Crohn’s boyfriend, Jerry Green, a gymnast, was among the first people to die of AIDS in 1982 after contracting HIV in 1978.

Crohn’s resistance helped lead to a deeper understanding of HIV.

He volunteered to have his white blood cells exposed to HIV but doctors were unable to infect him – even at concentrations thousands of times stronger than anything that would occur outside of a laboratory setting.

The CD4 white blood cells, which HIV normally penetrates to start the process of disease, locked out the virus.

Years later they found out the reason why: HIV gets into the white blood cells by fitting into two receptors but Crohn’s second receptor was flawed due to a genetic defect.

The anomaly found in less than 1% of the population saved Crohn’s life.

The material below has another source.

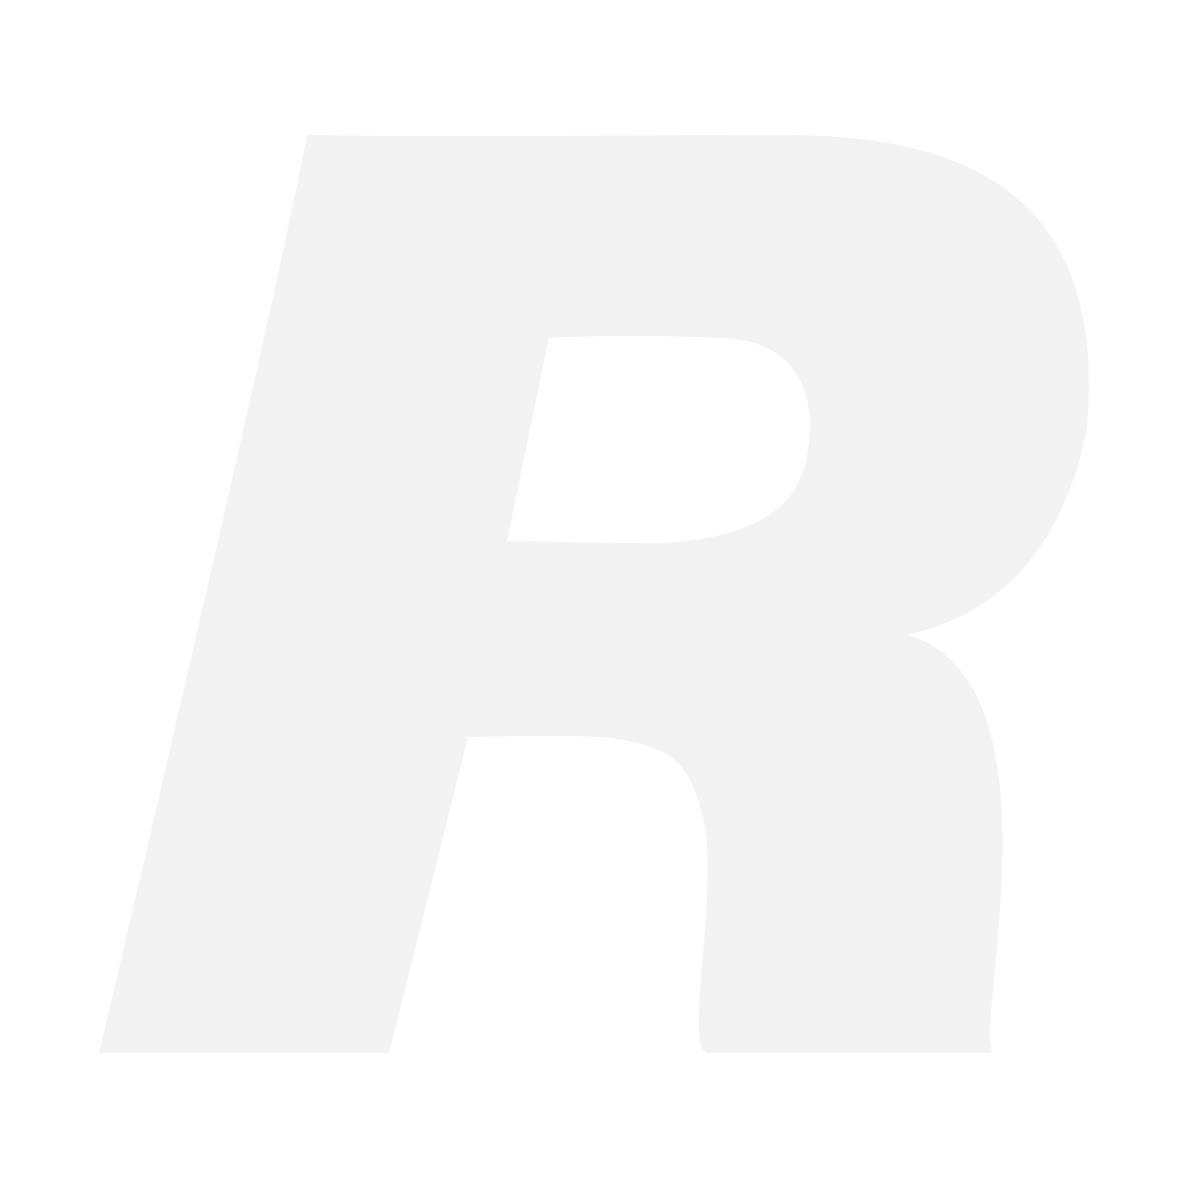 A4 vaaka kuvakirja mustilla aukkokansilla

“What he contributed to medical knowledge is really quite extraordinary,” said Dr Bruce D Walker, director of the Ragon Institute of Massachusetts General Hospital, MIT and Harvard.

In 1996, The Independent called Crohn “The Man Who Can’t Catch AIDS,” and he told his story in documentary films and newspaper interviews around the world.

It was announced last Friday that Crohn had died by suicide on 23 August.

The New York Times reports his sister, Amy Crohn Santagata, said: “My brother saw all his friends around him dying, and he didn’t die.

“He went through a tremendous amount of survivor guilt about that and said to himself, ‘There’s got to be a reason.”‘

She added: “He was quite extraordinary, and then also quite ordinary.”